P76 [[javaPerf]] described a nifty JIT technique to avoid runtime cost of the dynamic binding of virtual function equals(). Supppose in some class, we call obj1.equals(obj2).
After a priming (i.e. warm-up) period, JIT collects enough statistics to see that every dynamic dispatch at this site is calling String.equals(), so JIT decides to turn it into faster “static binding” so the String.equals() function address is hardwired into the assembly code (not JVM bytecode). JIT also needs to handle the possibility of Character.equals(). I guess the assembly code can detect that obj1/obj2 is not a String.java instance and retry the virtual function lookup. JIT can generate assembly code to
1. call String.equals() and go ahead to compare some field of obj1 and obj2.
2. if no such field, then obj1 is not String, then backtrack and use obj1 vtable to look up the virtual function obj1.equals()
It may turn out that 99.9% of the time we can skip the time-consuming Step 2: )
Priming note — priming is tricky — https://www.theserverside.com/tip/Avoid-JVM-de-optimization-Get-your-Java-apps-runnings-fast-right-fromt-the-start highlights pitfalls of priming in the trading context.
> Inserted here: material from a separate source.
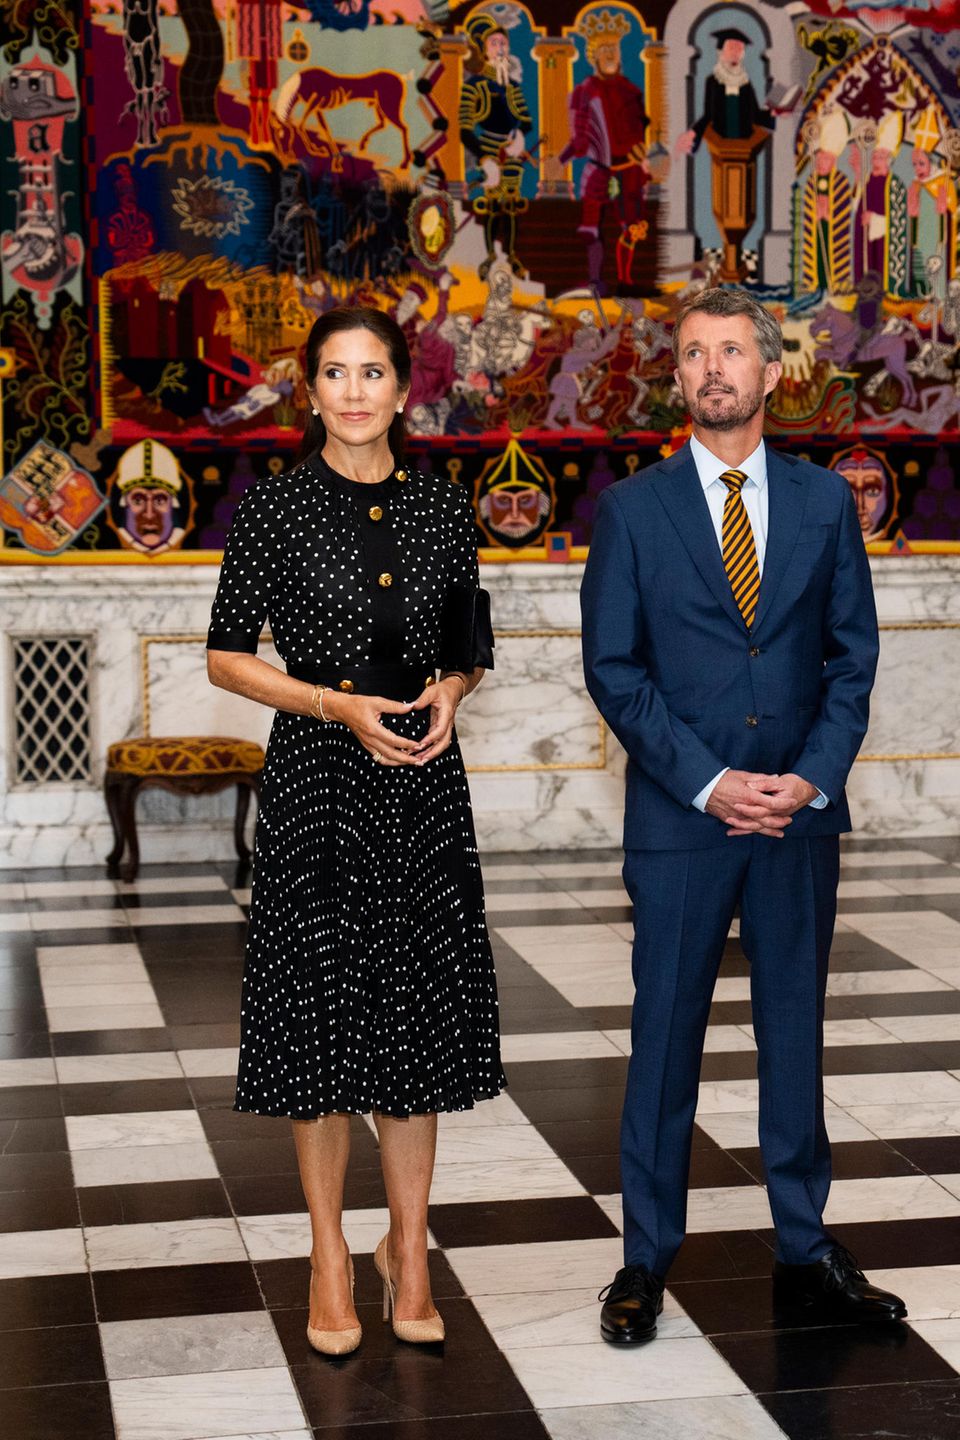 Queen Mary and King Frederik: At the reception for the Ukrainian presidential couple in the Knights' Hall at Christiansborg Palace in Copenhagen in 2023, they will appear together as the crown prince couple.

Some take-aways:
1. Optimizing two paths rather than just one path
2. Reusing successful optimization patterns from one day to the next, using historical data
- One hypothesis — no free() or delete() in java, so the memory manager doesn’t need to handle reclaiming and reusing the memory. [[optimizedC++]] P333 confirmed the c++ mem mgr does that. Instead the GC uses a very different algorithm
https://stackoverflow.com/questions/1984856/java-runtime-performance-vs-native-c-c-code is Not a published expert but he says —
On average, a garbage collector is far faster than manual memory management, for many reasons:
• on a managed heap, dynamic allocations can be done much faster than the classic heap
• shared ownership can be handled with negligible amortized cost, where in a native language you’d have to use reference counting which is awfully expensive
• in some (possibly rare and contrived) cases, object destruction is vastly simplified as well (Most Java objects can be reclaimed just by GC’ing the memory block. In C++ destructors must always be executed)
- One hypothesis — new() is faster in jvm than c++.
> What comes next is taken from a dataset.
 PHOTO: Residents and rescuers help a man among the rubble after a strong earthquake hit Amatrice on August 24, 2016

Someone said “Object instantiation is indeed extremely fast. Because of the way that new objects are allocated sequentially in memory, it often requires little more than one pointer addition, which is certainly faster than typical C++ heap allocation algorithms.”
Julia, Go and Lua often beat C in benchmark tests .. https://julialang.org/benchmarks/
http://www.javaworld.com/article/2076593/performance-tests-show-java-as-fast-as-c–.html is a 1998 research.
In my GS-PWM days, a colleague circulated a publication claiming java could match C in performance, but didn’t say “surpass”.